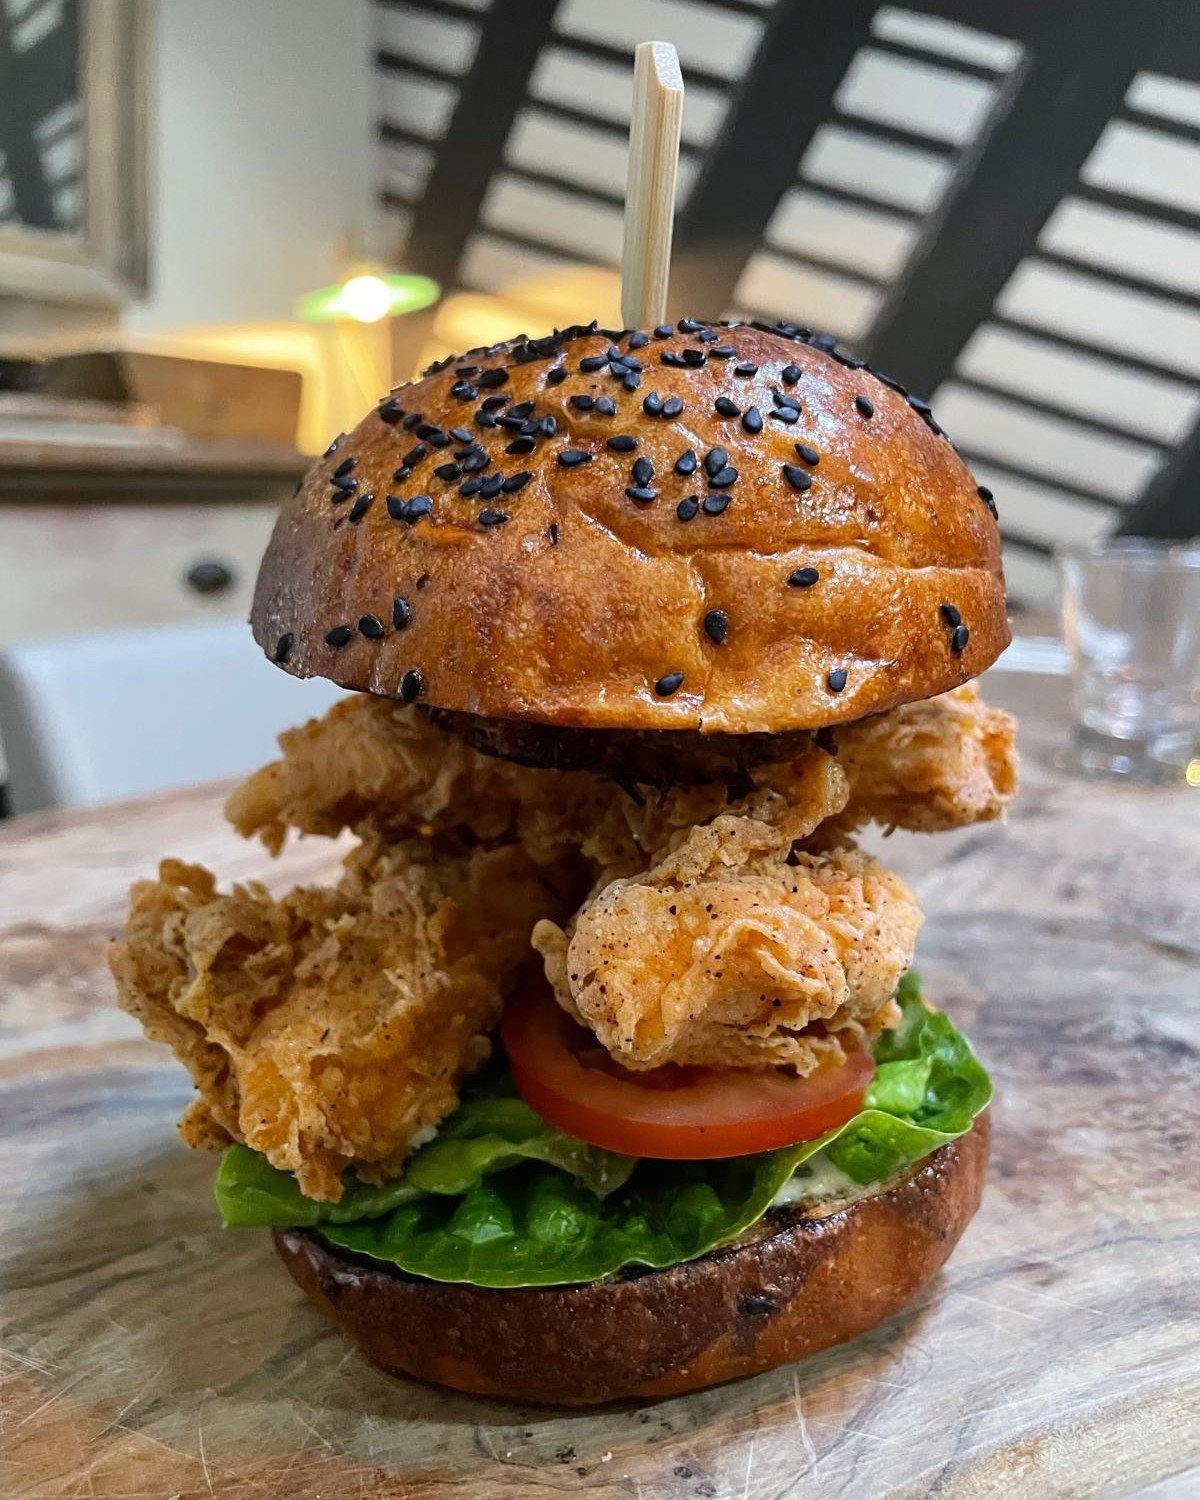 Wigmore Fried Chicken (WFC if you will!)

Currently on our Wednesday &amp; Sunday Nights Menu. 
WFC is served as either as Tenders, Drumsticks &amp; Wings, or &quot;In a Bun&quot; as seen.

A selection of delicious sides &amp; dipping sauces, includi

WHAT THE TASK REQUIRES -
Pictures are to be left out; the listing above is otherwise to be copied exactly.

TASK SOLUTION -
 Wigmore Fried Chicken (WFC if you will!)

Currently on our Wednesday &amp; Sunday Nights Menu. 
WFC is served as either as Tenders, Drumsticks &amp; Wings, or &quot;In a Bun&quot; as seen.

A selection of delicious sides &amp; dipping sauces, includi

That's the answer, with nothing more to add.